Let me look at my own list here, because I didn't bring it all with me. Mark Smith was also on one of those lists. He has not returned phone calls, and I was thinking we might need to get in a bigger gun for him.

Mary Kane, who is the director of the Health Care Horizons part of the Institute for the Future out there, we have messages into her. Last year at least, they did a lot of work looking at information evolution and its impact on the health care system. And they have written a lot about that, so we hope we'll get her.

I'm going to jump ahead, if you don't mind, to the combined panel, because I contacted all those people, and I think things are looking very good. Phil Lee has accepted. He is delighted to come. And we have Molly Coye, a voice message into Molly Coye, and hope that she'll be able to come. And Rita Moya(?), who the vision people were specifically interested, and I knew of her more consumer health information activities as well. She has also accepted. So two of the three on the combined panel have accepted.

DR. HENDERSHOT: And the first two sessions in the afternoon would be on vision for health statistics for the 21 century. I have to apologize, I have been out of the office for four days. When I got back my computer -- brand new computer, which was good -- was not working, so I wasn't able to check the status of this, but I can tell you a couple of things.

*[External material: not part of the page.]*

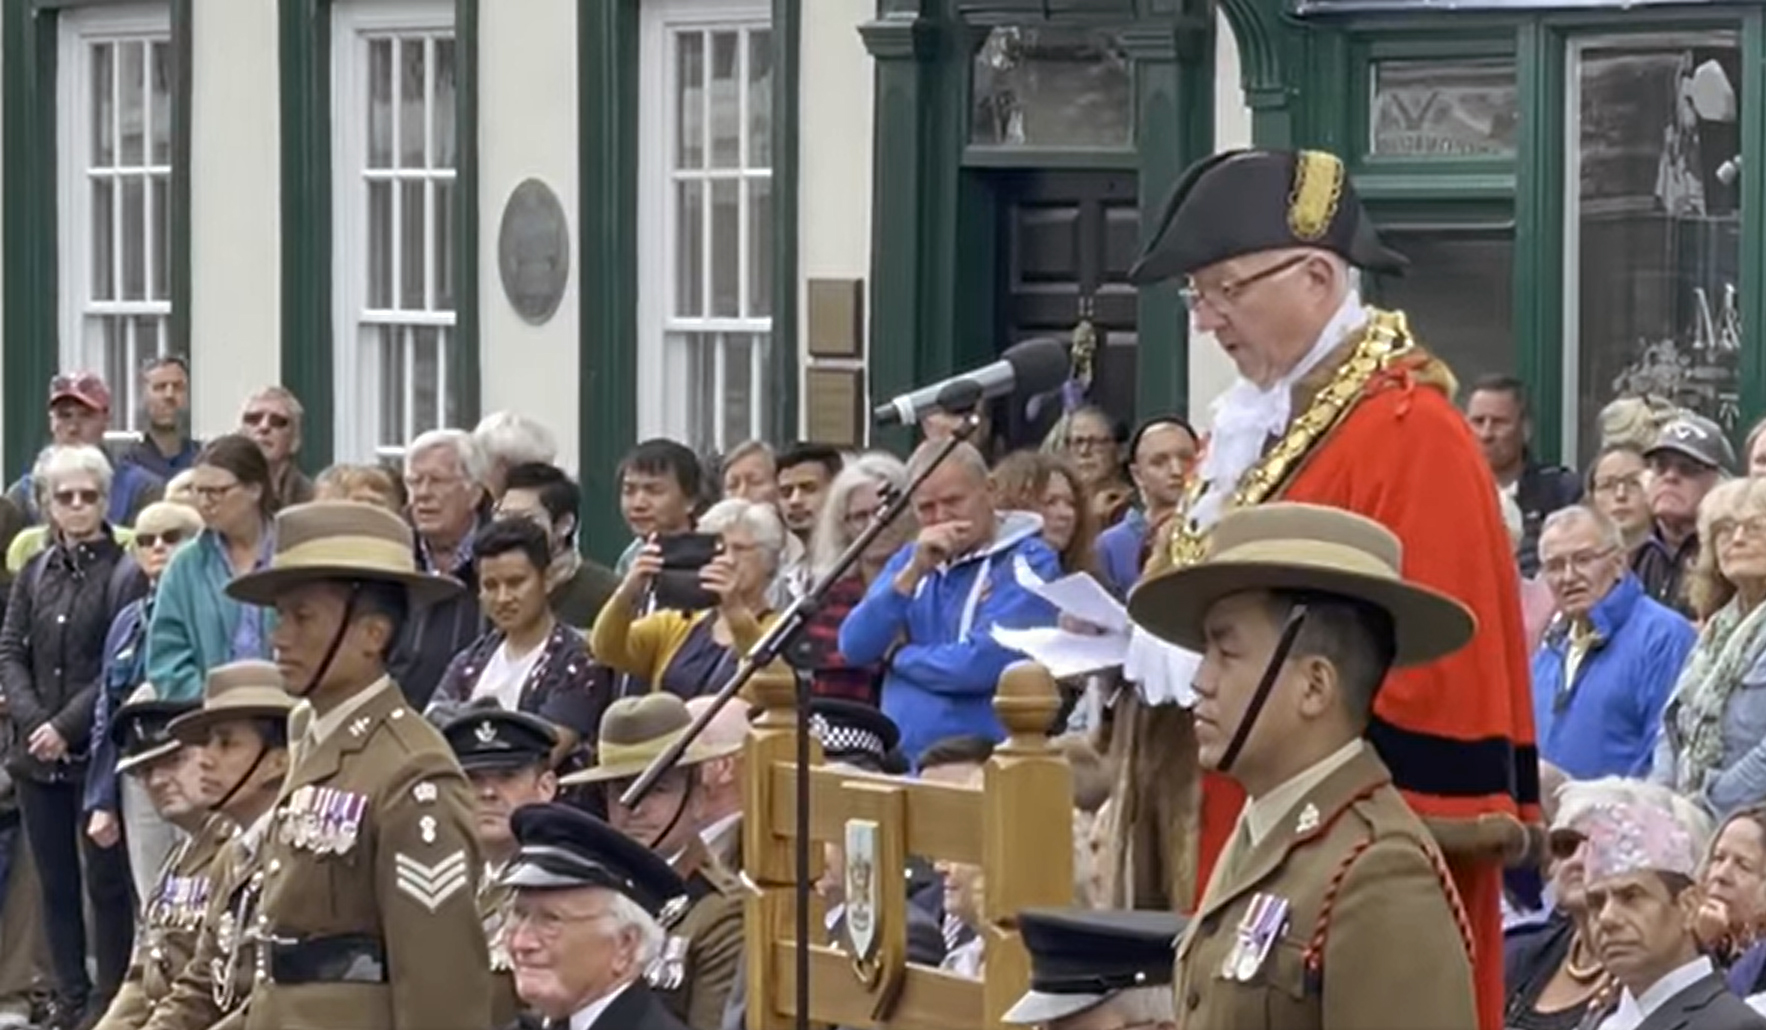 Brecon's Mayor addresses the Gurkha Mandalay Wing regiment in Brecon

The two sessions, one is on national, state, and local issues. That is, breaching the different levels of aggregation that are needed in a health statistics system. And one of the persons on the list for that session was Rick Brown. I know Paul may have some comments on that choice, and I can't tell you for sure who the other two of our first three on that list were. Maybe Paul will remember.

The second session is on issues of public and private cooperation. I did talk with Kathy McCaffrey, vice president of the health care data and operations of the California Association of Health Plans, who told me that she helped organize a meeting in San Francisco a few years ago. She was very interested. She had to clear it with her bosses before she could accept, but she said she would get back to me early this week.

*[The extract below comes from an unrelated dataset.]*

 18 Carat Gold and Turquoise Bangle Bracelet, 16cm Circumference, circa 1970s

I also had a call into the Washington office of the Kaiser Family Foundation for somebody from the Kaiser Foundation, and they were going to be checking around and getting back to me. And I had a call into the Packard Foundation, asking about their interest.

That's about I can tell you right now. I did send out a list of proposed names for each of those sessions, and that's what we are working from. After I sent that out, Paul came back with a suggestion that we put David Batista from UCLA back on the list, which I did.

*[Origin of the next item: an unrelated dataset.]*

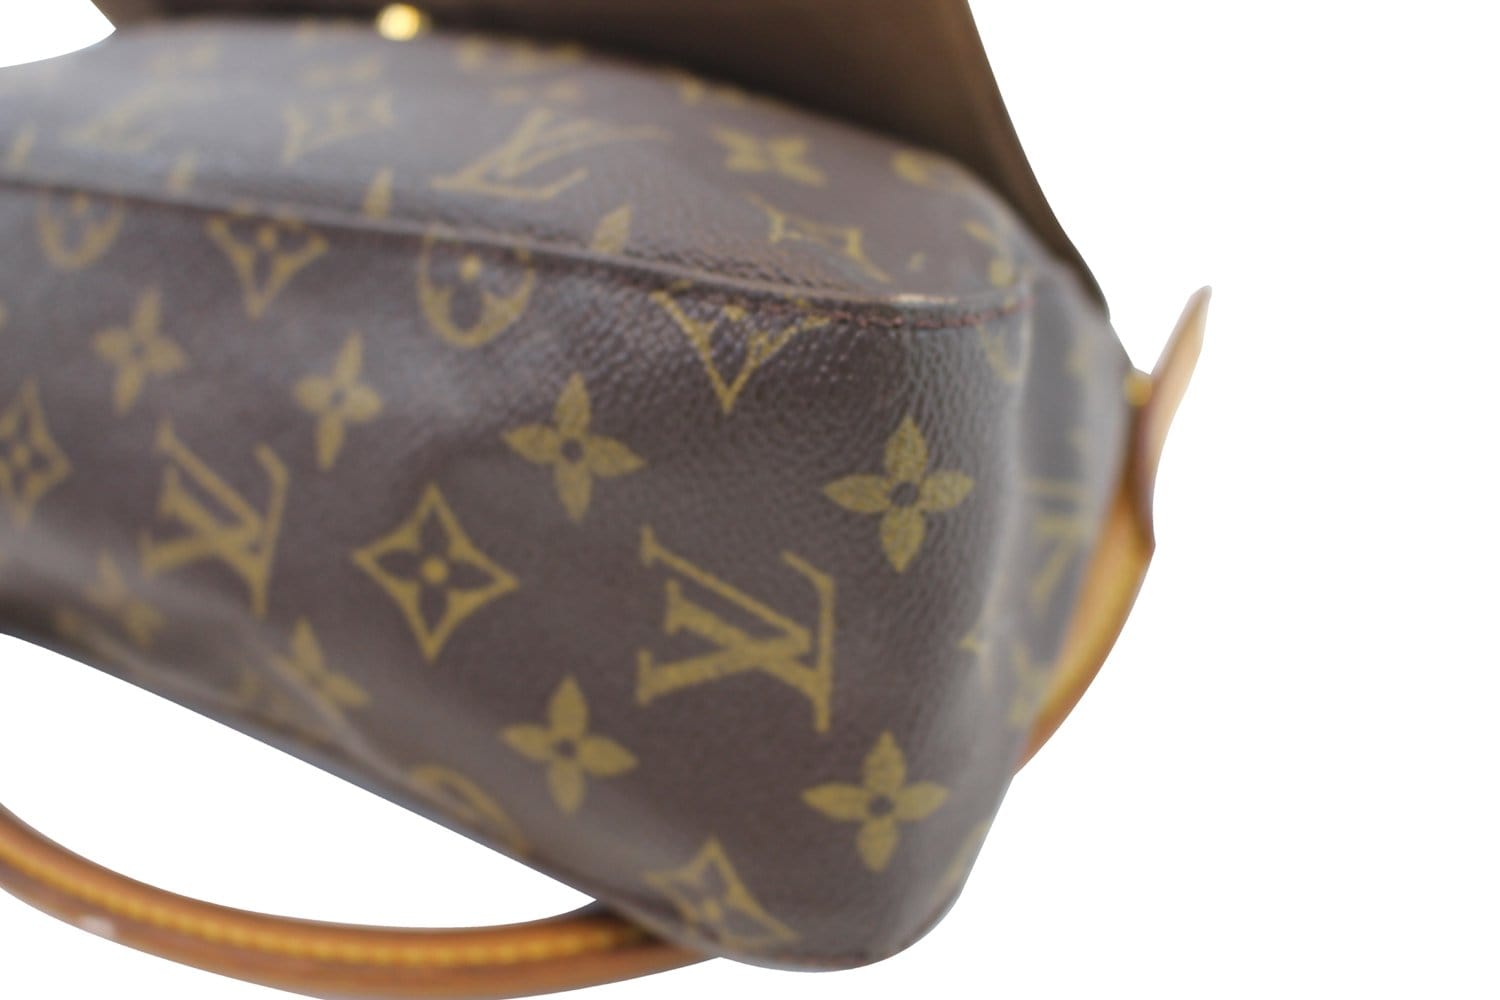 Louis Vuitton Monogram Canvas Looping Shoulder Bag PM

DR. NEWACHECK: Back on the list? He was off for a while?

DR. HENDERSHOT: He was for a while. We reviewed a long list, and I got some feedback. I sent out a version of the draft agenda in which I plugged in some names, and sent that out. And then you reacted to that. Batista was not on what I sent out, and you suggested he be put back in.

DR. NEWACHECK: I guess I didn't see that initial list, but I think he would be an excellent speaker in terms of representing the Latino health issues, and that larger community.

DR. STARFIELD: He would be excellent, but he almost never makes it.

DR. NEWACHECK: He has been coming to some of the meetings I've been going to.

DR. HENDERSHOT: Which of the two should we try to slot in for the national, state, local kinds of things, or the public/private?

DR. STARFIELD: Neither.

DR. NEWACHECK: Probably national, state, local. I think it's hard to guess about either one.

DR. STARFIELD: He'll talk about national.

DR. NEWACHECK: He does a lot of California stuff too.

DR. FRIEDMAN: Gerry, we had talked about the possibility of Jonathan Fielding.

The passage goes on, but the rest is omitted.